### Provided data

━━━━━━━━━━━━━━━━━━━━━━━━━━━━━━

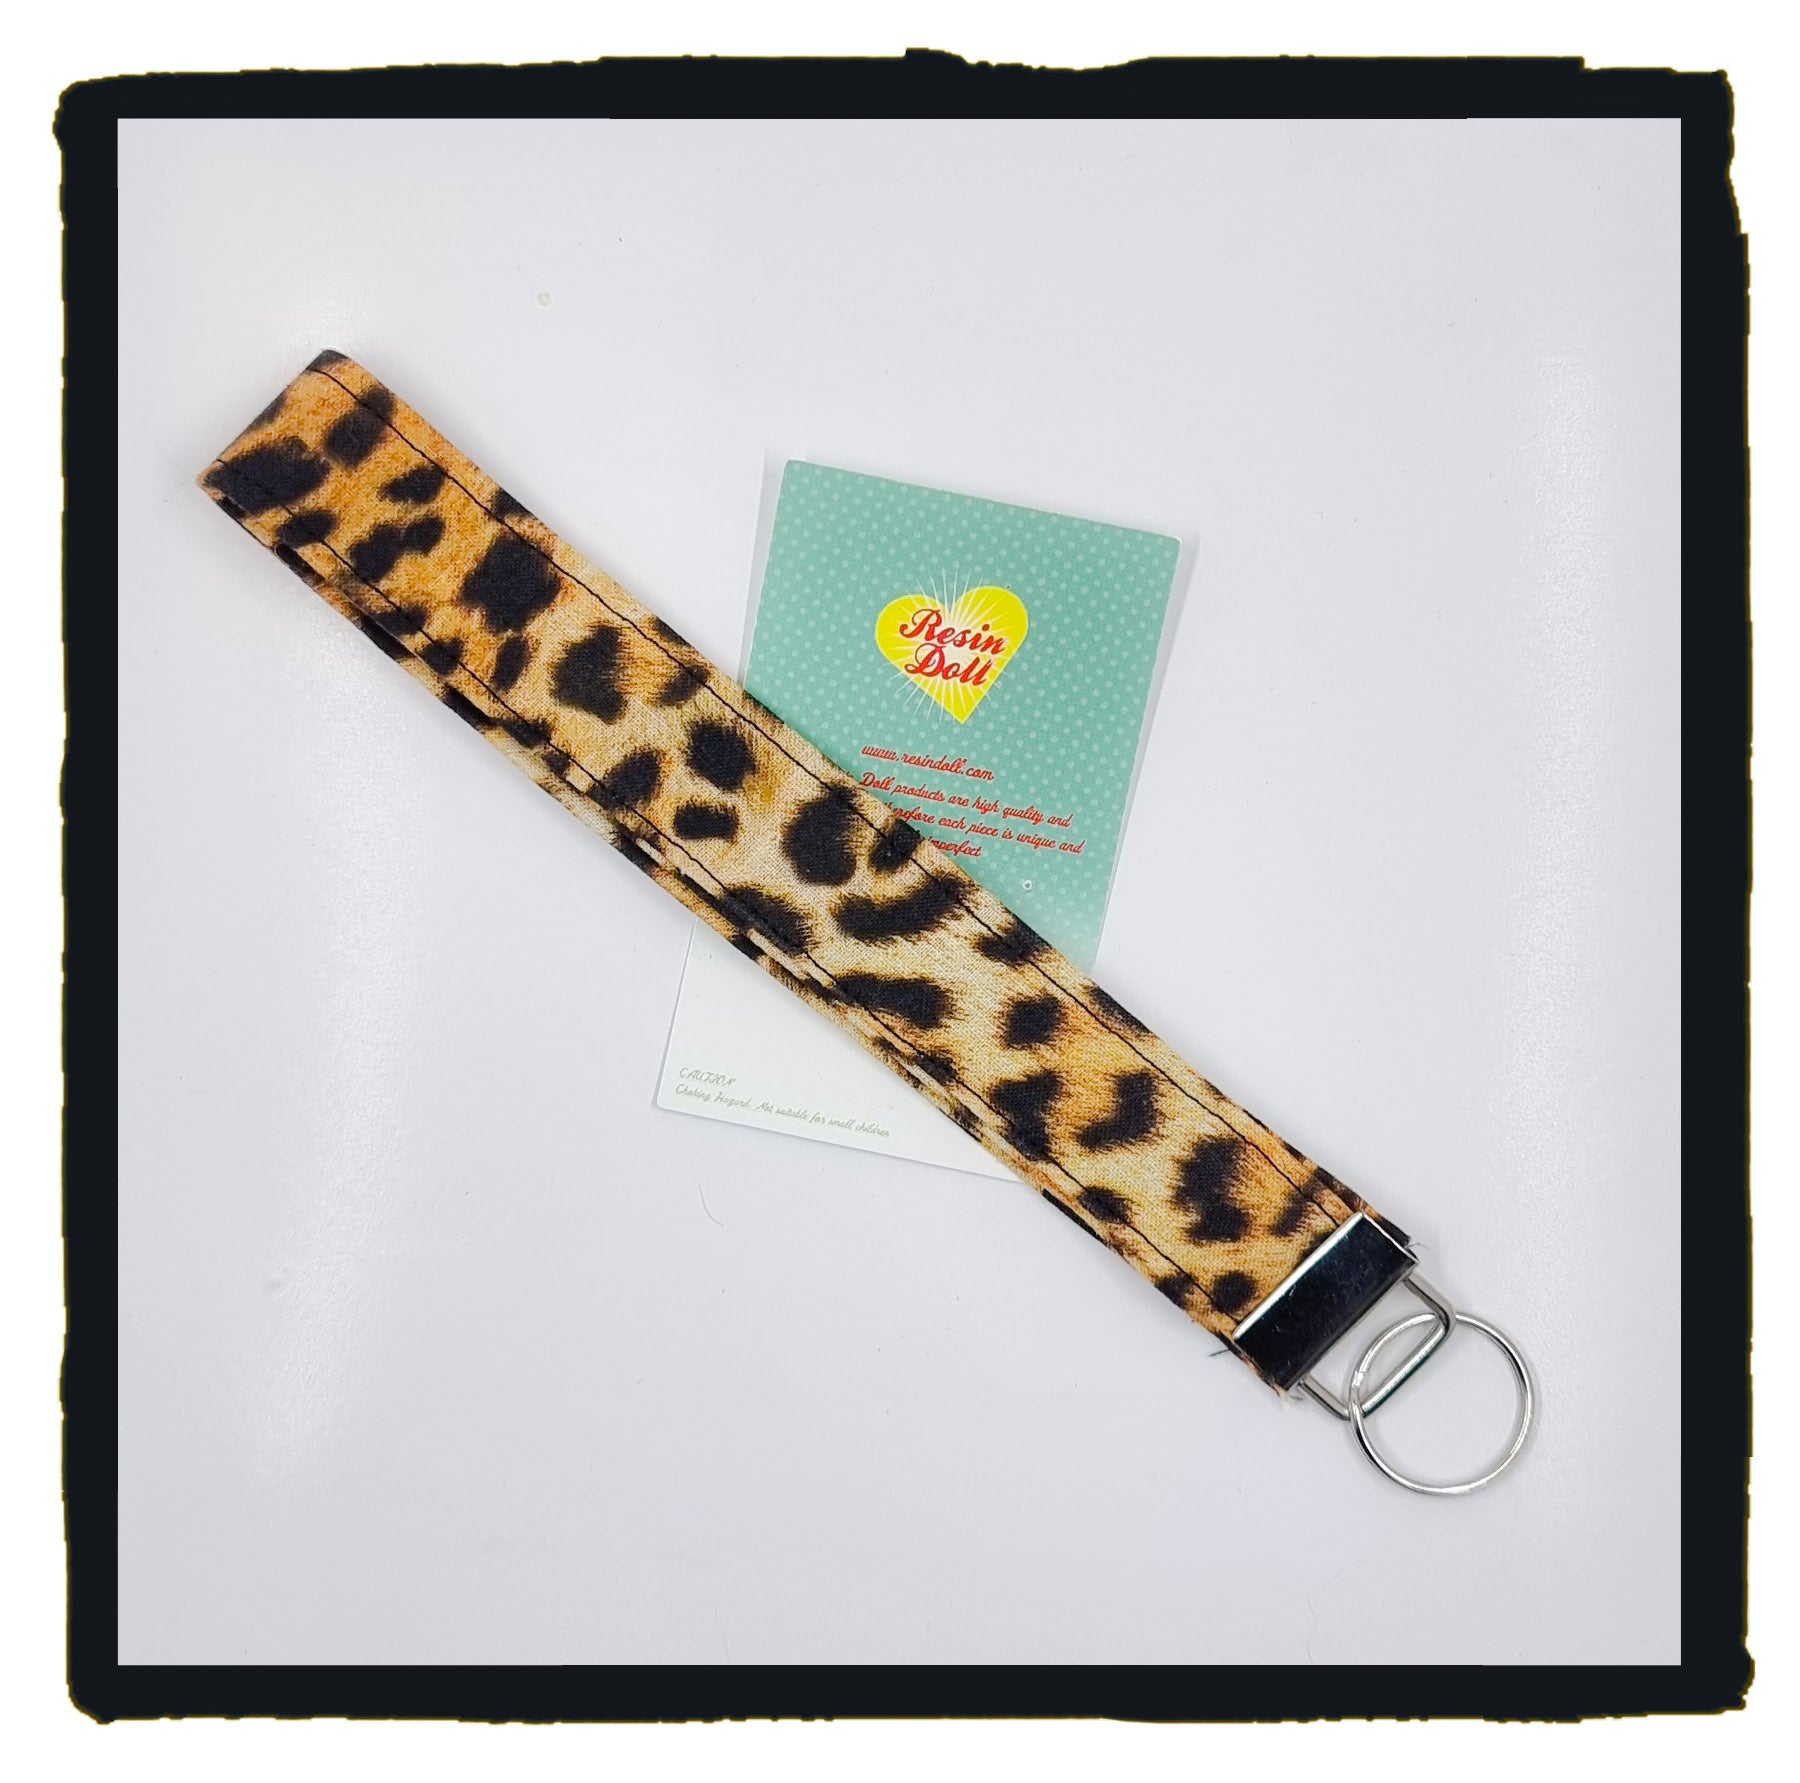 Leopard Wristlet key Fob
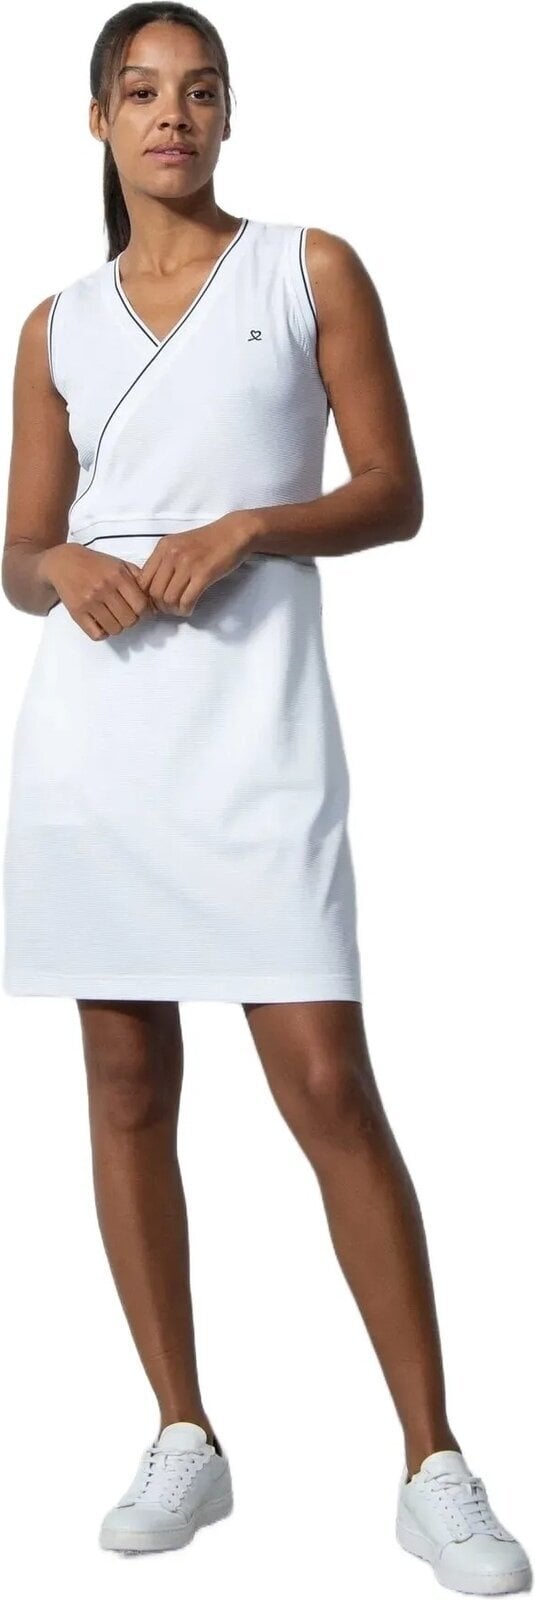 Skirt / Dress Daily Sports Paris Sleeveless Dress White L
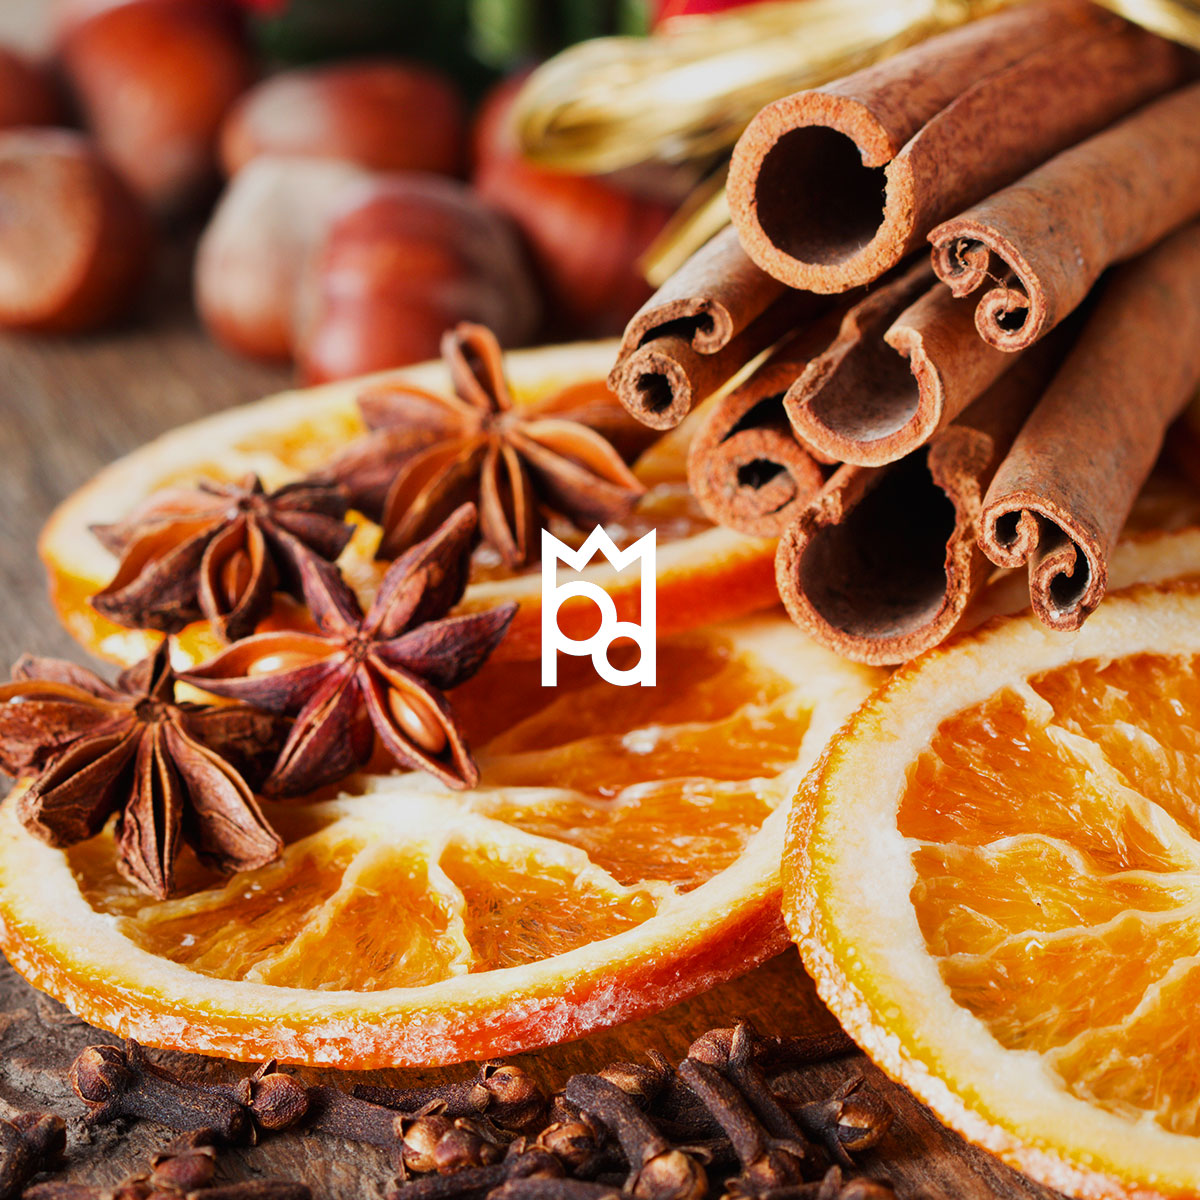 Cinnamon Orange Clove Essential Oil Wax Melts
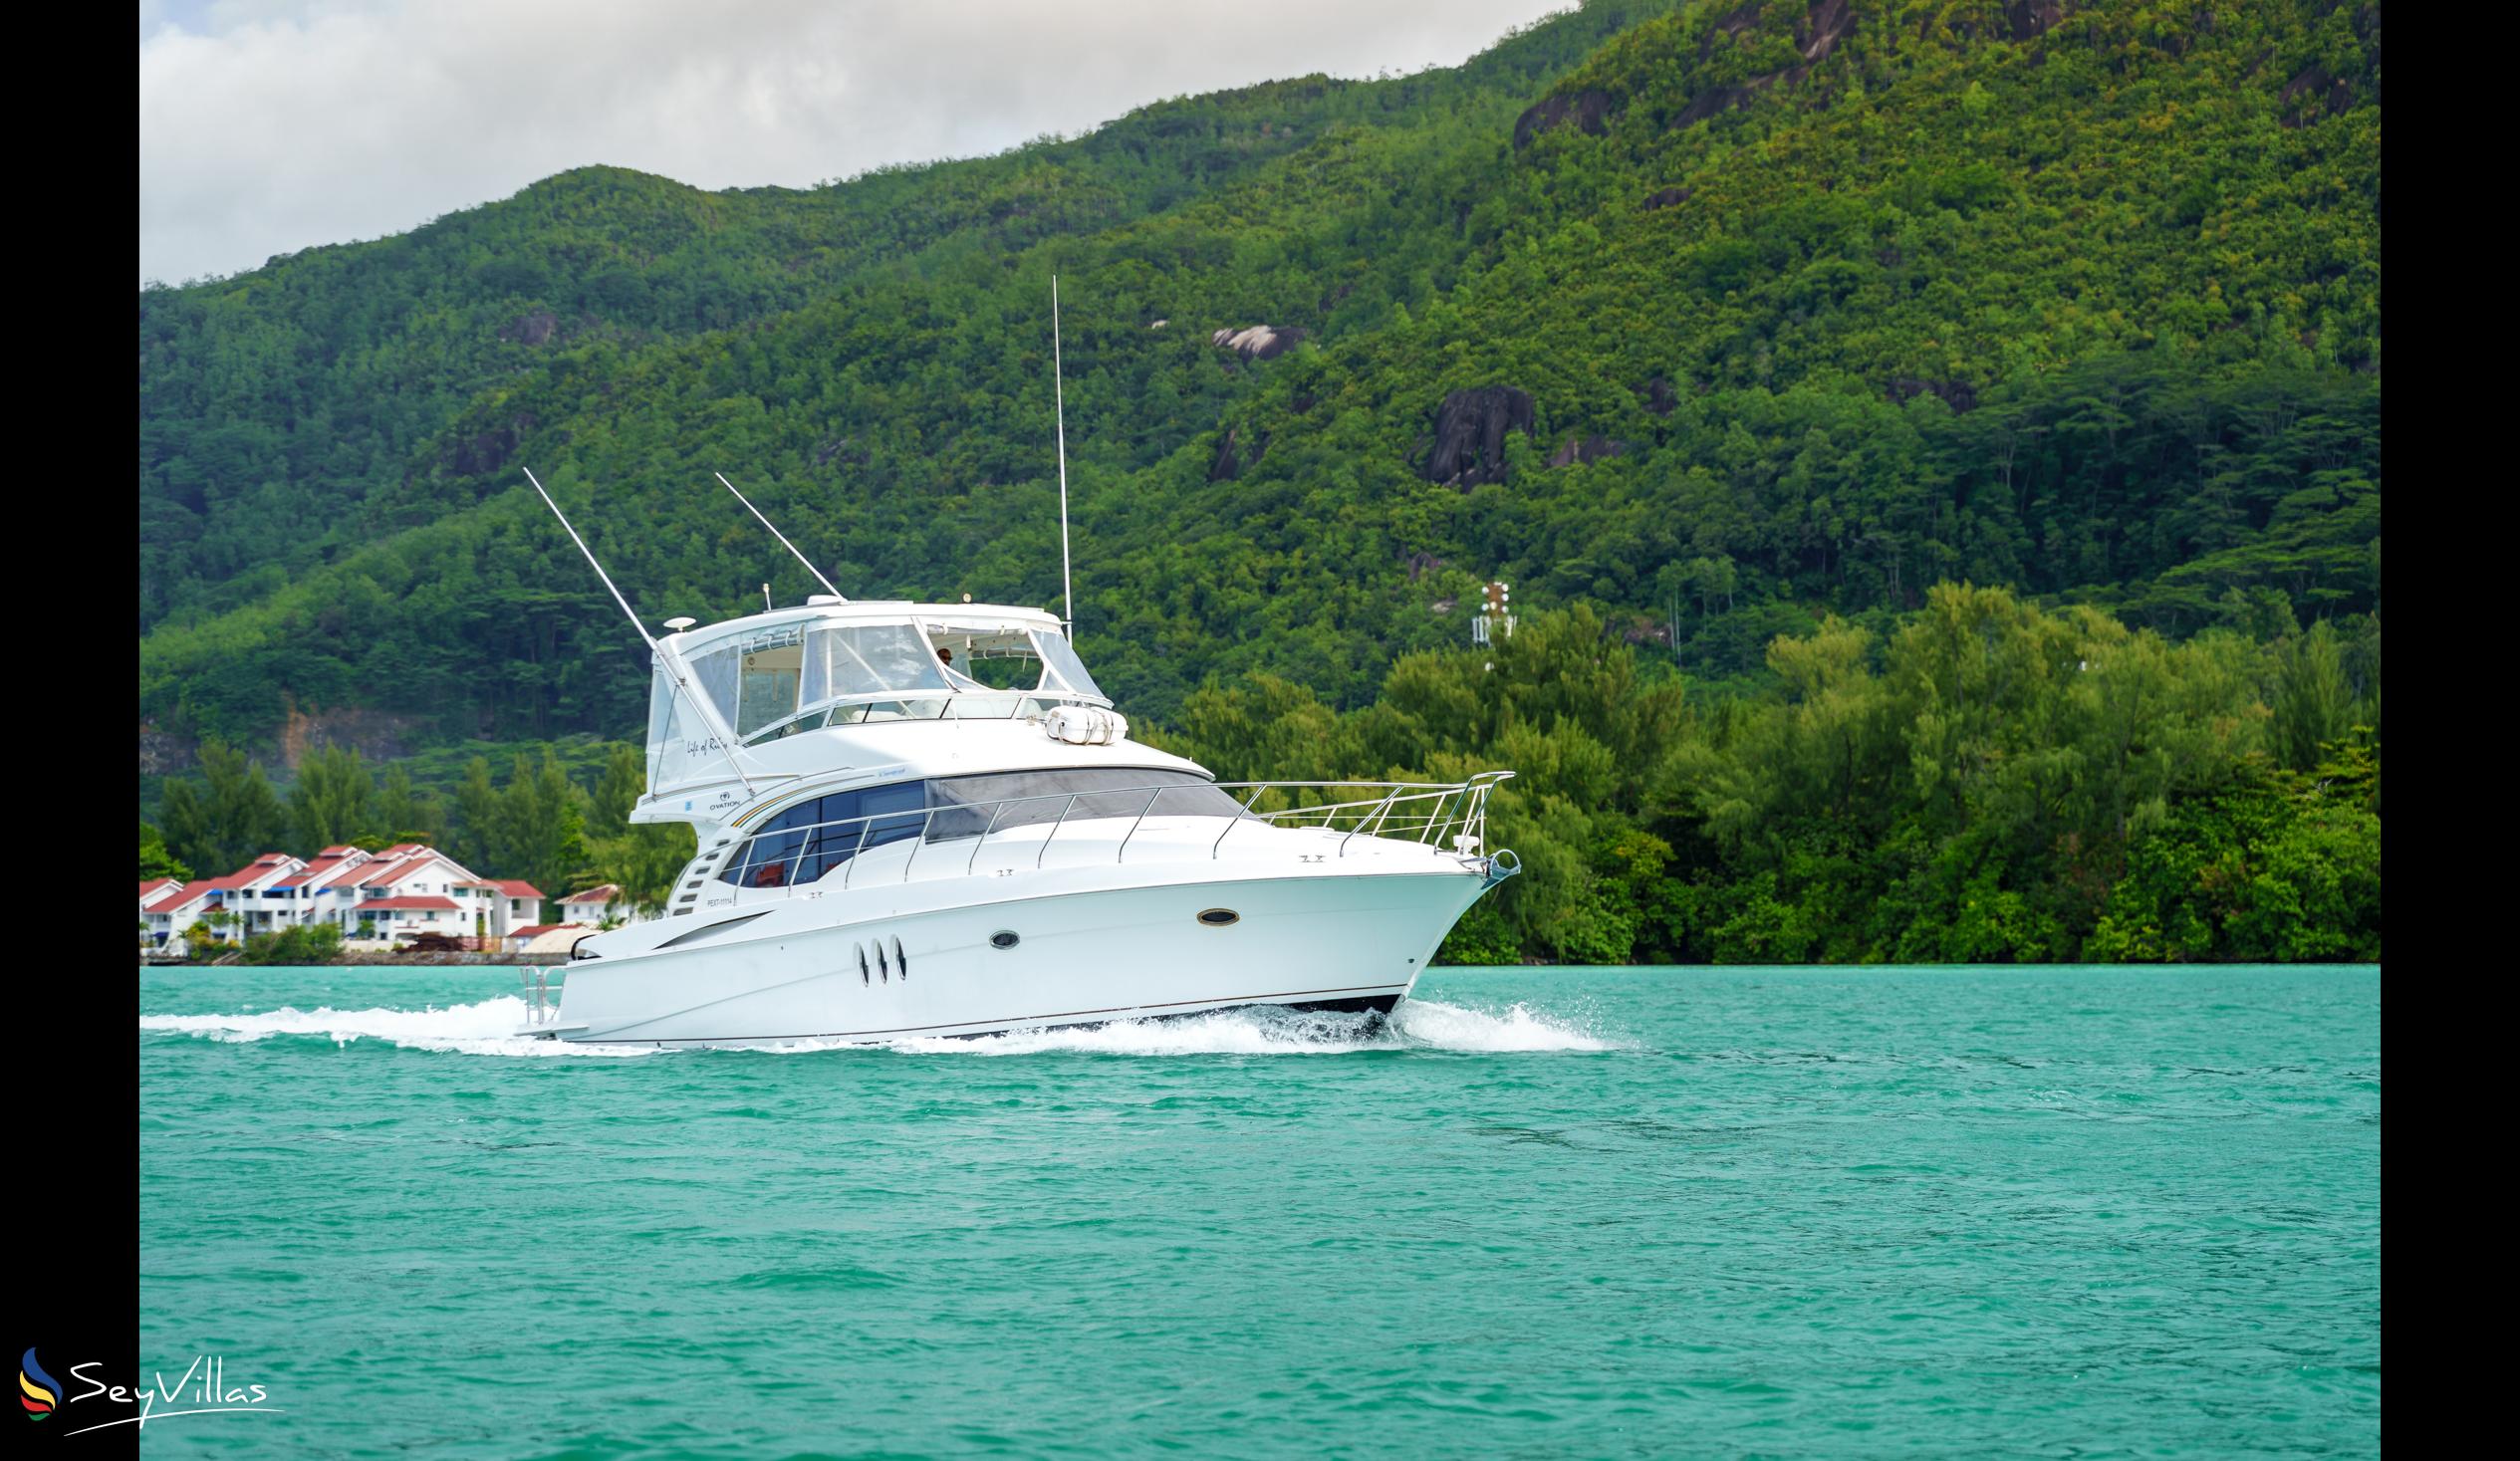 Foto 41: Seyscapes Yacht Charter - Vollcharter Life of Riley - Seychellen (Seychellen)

━━━━━━━━━━━━━━━━━━━━━━━━━━━━━━

### Work to complete
Take the line that holds "Skirt / Dress" as the start and the last line of the data as the end. Copy only those lines exactly, both ends included, except the pictures.

### Expected answer
 Skirt / Dress Daily Sports Paris Sleeveless Dress White L
 Cinnamon Orange Clove Essential Oil Wax Melts
 Foto 41: Seyscapes Yacht Charter - Vollcharter Life of Riley - Seychellen (Seychellen)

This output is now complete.